GOMA, Glasgow until October 8th
Three stars
You can’t escape the elephant in the room in this
parallel universe group show programmed by incumbent Glasgow International director
Richard Parry, who has beamed down nine artists for a speculative-fiction
inspired exploration of possible futures in a messed-up world. The elephant in
question is captured in Telepath (2018), a cinema-scope sized close-up by John
Russell set against a backdrop of a re-made and re-modelled version of the
gallery interior, as if the beast had been captured in the wild and put on show
a la King Kong. Frozen in monumental hi-res, the image could be a trophy of an
endangered species poached from Ray Bradbury’s short story, A Sound of Thunder
by way of The Veldt.
Elsewhere,
Mai-Thu Perret’s Les Gurrillerres XIII (2018) imagines a feminist miltia in the
desert by way of a female mannequin in repose, reading on a rug with her machine
gun nestled beside her. E Jane’s The Avatar (2015) tries on internet identities
for size in a series of hi-tech videos. As far as one can tell from Sam Keogh’s
recordings accompanying his Kapton Cadaverine (2017), Keogh is a man who fell
to earth, the grubby remains of his cellophane-wrapped spaceship blown out of
orbit and now in storage awaiting forensics.
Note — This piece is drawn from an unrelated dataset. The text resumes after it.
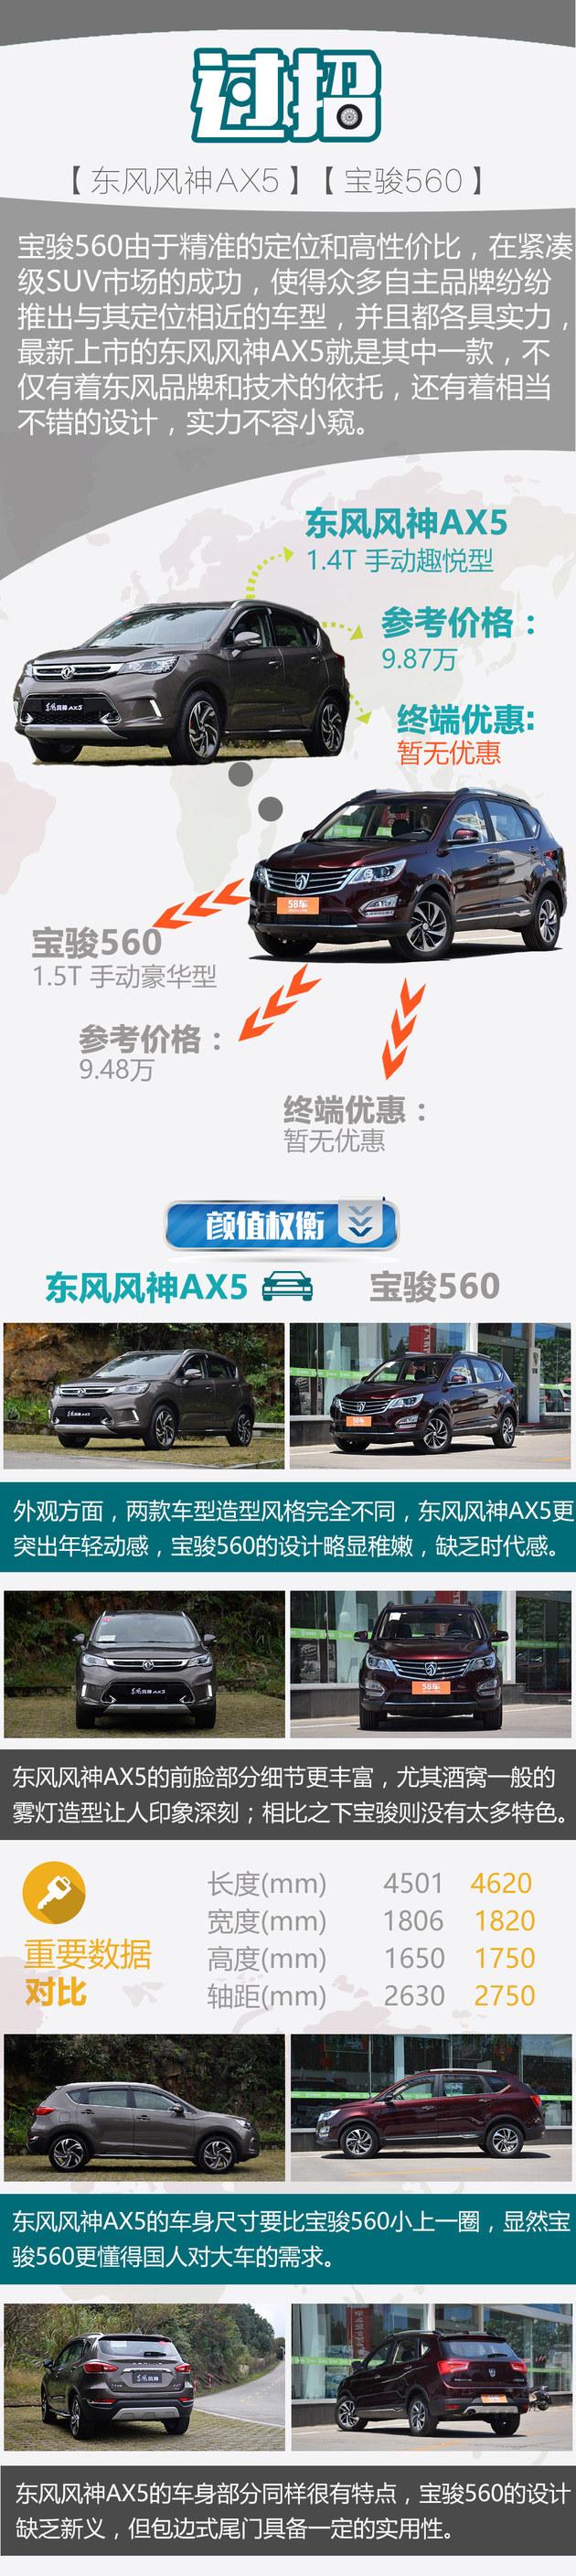 东风风神AX5对比宝骏560 与标杆的较量

The effect of all this is a kind of captain’s log that
zaps between time-zones. The way the work is spread about GOMA’s civic interior
resembles a film set depicting a twenty-first century dystopia at odds with the
ornate classicism which houses it. Seen together, the works themselves look
plundered by space pirates from the hippy sci-fi age of John Carpenter’s film,
Dark Star, which, like Kapton Cadaverine, up-ended the white room
straight-lines look beloved by space age directors Gerry Anderson and Douglas
Trumbull. But this is all illusion. Only the incongruous totems hanging from
Jessie Darling’s washing lines are defying gravity.